I want you to test it!

No hobbyist sound be without a good test kit. While you may not use it on a daily basis, it’s always in the fish’s best interest for you to have one on hand and know the parameters of your tank.

There are many different types of testing kits available for the hobbyist today. One of the most common and most accurate in this authors opinion are the drop tests. These test come with a glass vial used to measure out a pre-defined amount of water (usually 5mL), bottles of testing solution, and a color chart to read the results. This is an easy to use test, its cheap to buy, and can last quite a while depending on how often you use it, and can be the most accurate for the price. The testing solutions can, and do go bad after a while, and it is probably best to replace them at least every two years to ensure that you get the most accurate results.

I have never used the strip tests. These are strips that you dip directly into the water and it gives you instant results. I have never heard anything good about these type tests. Also for the money VS. the amount of tests you get, they are extremely expensive.

Electronic testers are in my opinion the easiest and most accurate out of all the methods. But, are also some of the most expensive to get started with. They use a calibrating solution that sets them to a common pH that then compares your water with the known pH to give a result. You just turn it on, stick the testing part in the water, and get instant results.

Testing should be done at least weekly when establishing a new tank. As the tank matures, you can adjust the frequency of the test to suit the needs of the tank. Some people faithfully test weekly, while others (myself included) may only test once every few months.

It is always a good idea to keep track of the results of your tests. Not only pH, but other water parameters as well such as ammonia, nitrite, nitrate, and hardness. This helps determine how often you should test, and how stable your tank really is. Also one needs to keep track of the pH of the water out of the tap. Chlorine and other chemicals affect this reading, so to get an accurate measure, it is best to take a bucket of tap water and let it sit overnight with a bubble stone in it. The air stone helps to eliminate the chemicals that are used to treat your tap water, and thus making the reading more accurate. Let the bucket sit for at least 24 hours, and then take the tests.

I have a variable pH from my tap. Seems that during the winter months, my pH will rise, and during the summer months it will drop. Although I really do not know why, my guess is this is because of the different amount of chemicals the water treatment plants uses, and the turn over of the lake where we get our water supply. Unfortunately, even at the highest reading, my tap water is unsuitable for my cichlids. I buffer my tank, so it is important for me to keep an eye on this so I can adjust the dose of buffer that I add when doing a water change.

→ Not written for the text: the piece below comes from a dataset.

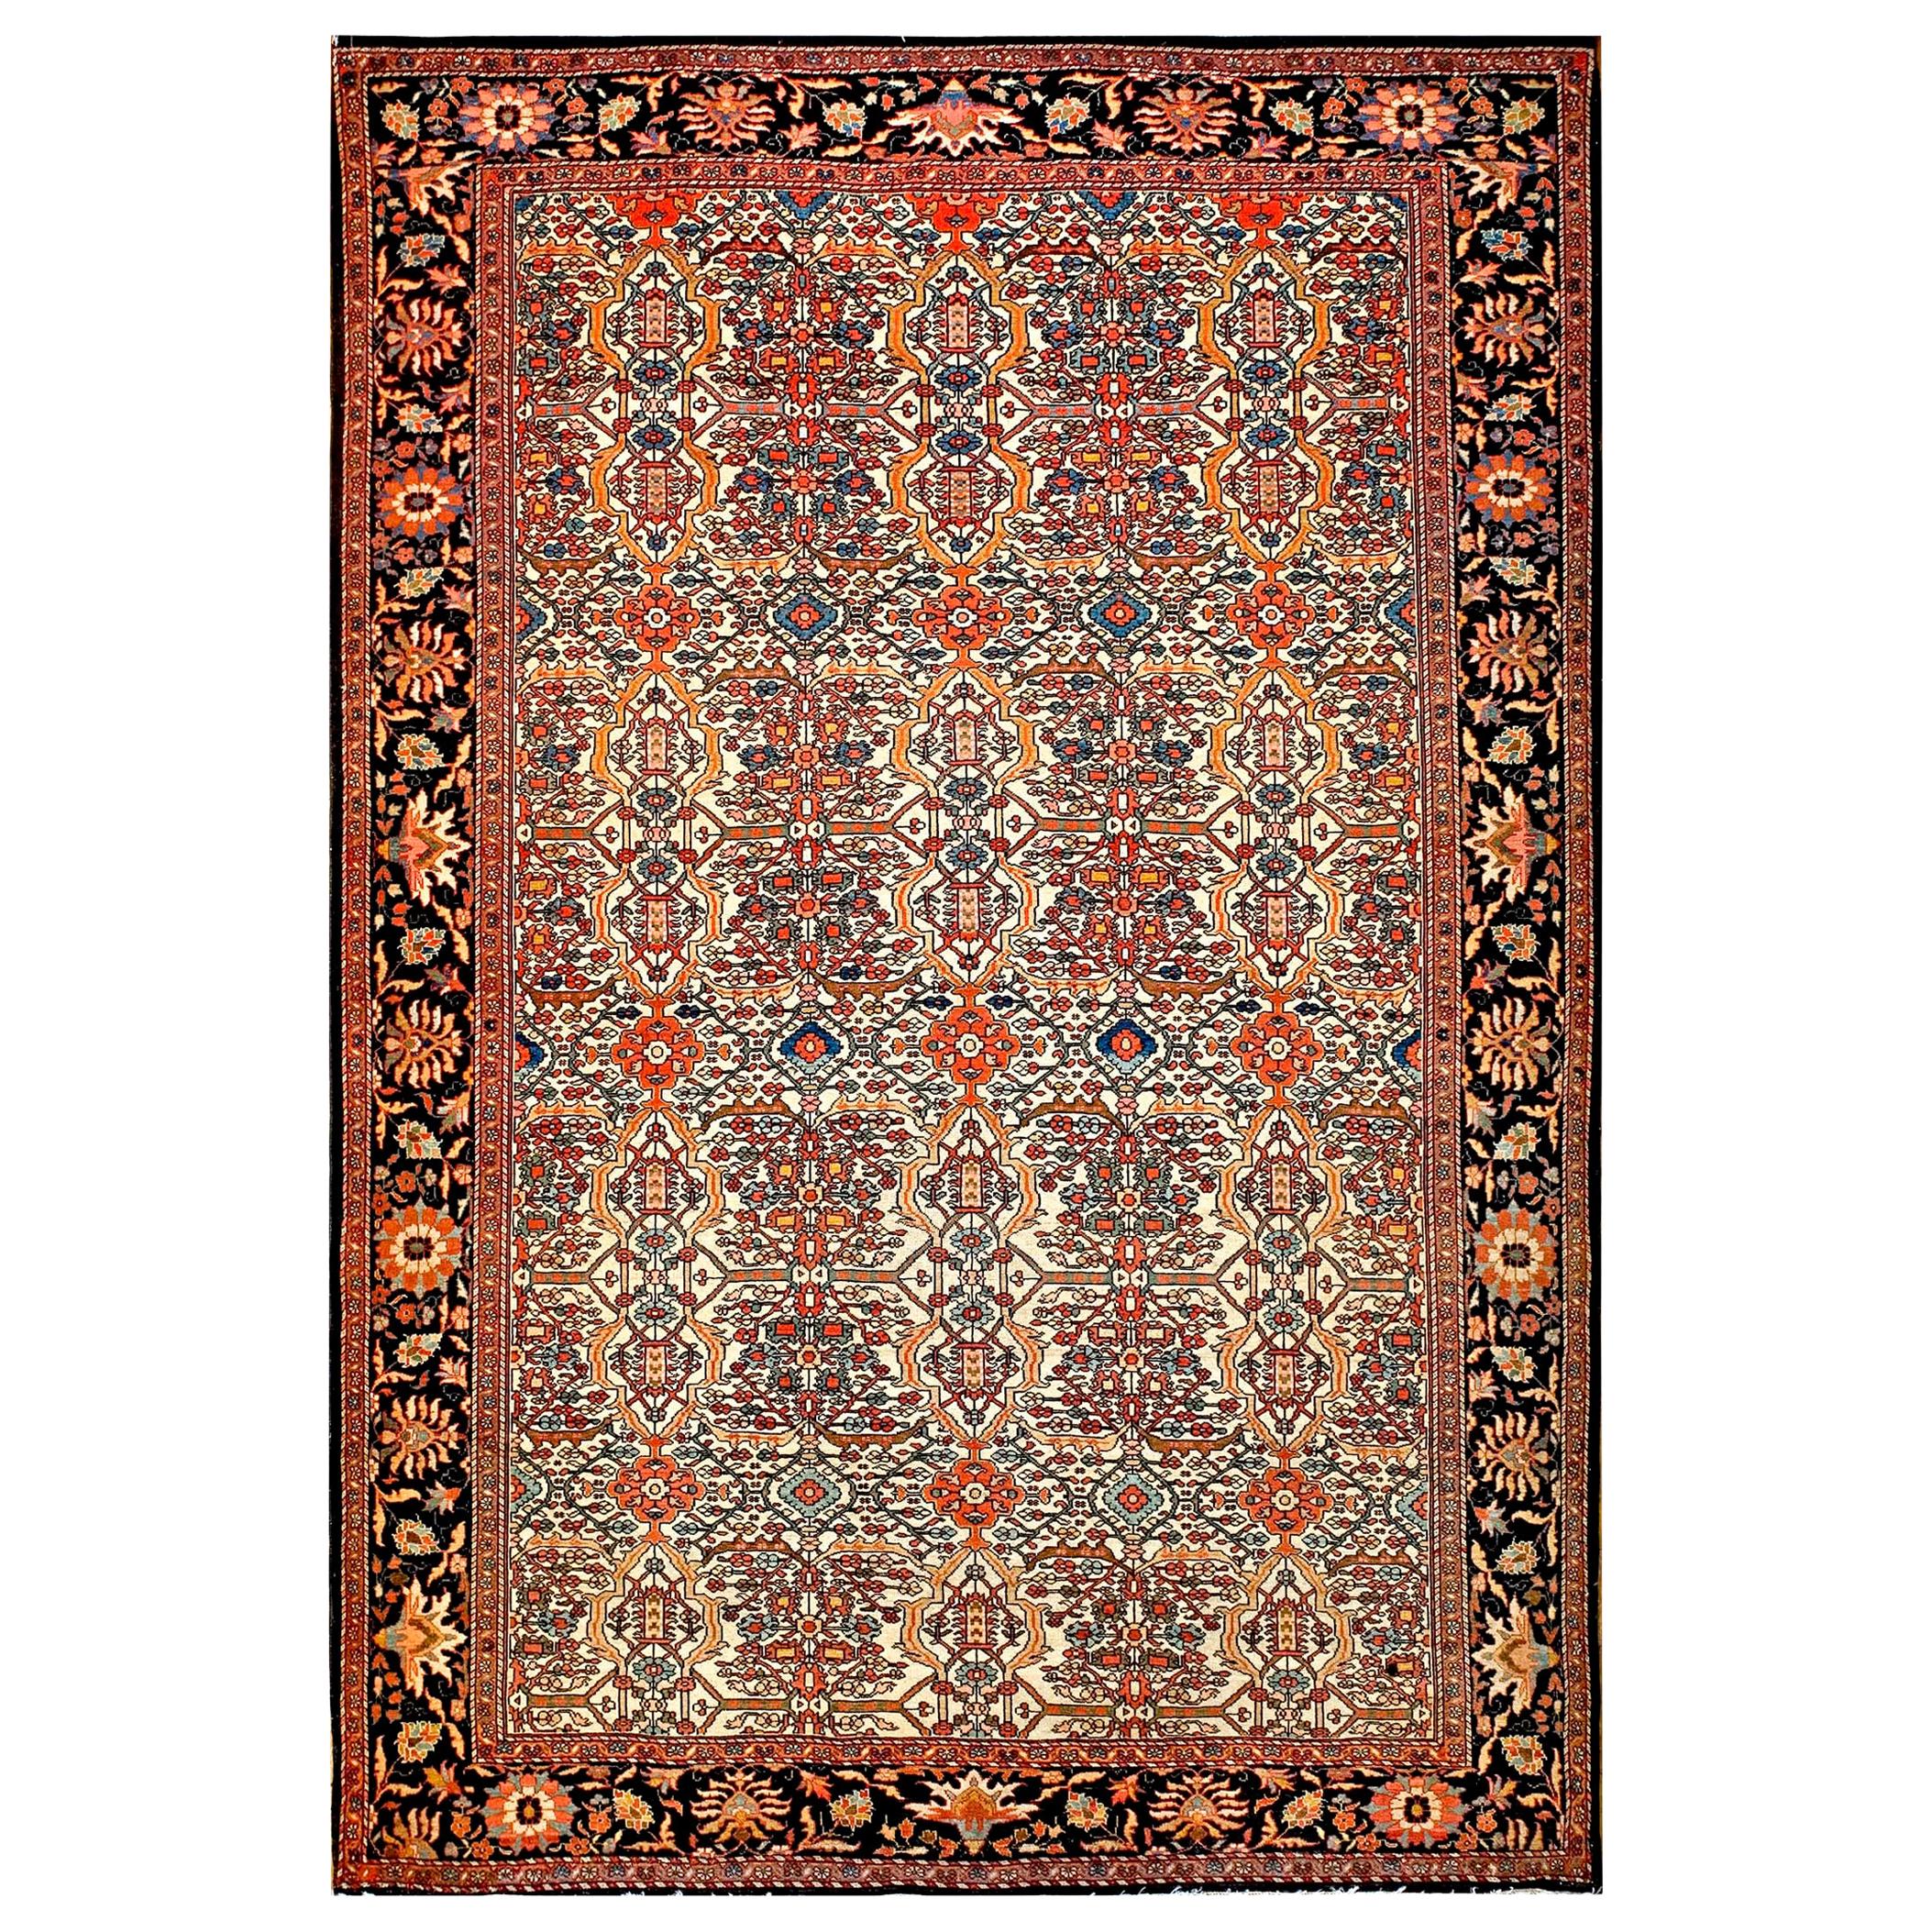 19th Century Persian Sarouk Farahan Carpet ( 4'6" x 6'6" - 137 x 196 cm ) For Sale

So what is the right pH to have? Depends on how much work and effort you want to put fourth into your tank, and what your tap water is. If you don’t want to involve yourself so much in adjusting the chemistry of the tank water, then keep fish that are best suited to your water.

pH and your fish

How does pH affect your fish? What should it be at? These my friends are questions best left to the experts, and I am far from one, but I will attempt to give my new worldview on this subject.

The first article I wrote of this nature was very similar in content, some places identical, but with one big difference. At the time I did not believe that it was necessary to have a high pH. I listened to what others with much more experience that I had to say on my views, and took it upon myself to further increase my personal knowledge of this.

Many leaders in the cichlid hobby would suggest that a pH of 7.5 is the bear minimum that any rift lake species should be kept with. Now I am not in any position to argue with them, but I would say that the higher, the better. When I started buffering my tank over a period of weeks, I could really tell a huge difference in the fish. They were more active, showed better color and ate with more gusto than ever before! The higher my reading rose, the more improvement I saw with my fish. My eyes were opened to a whole new world.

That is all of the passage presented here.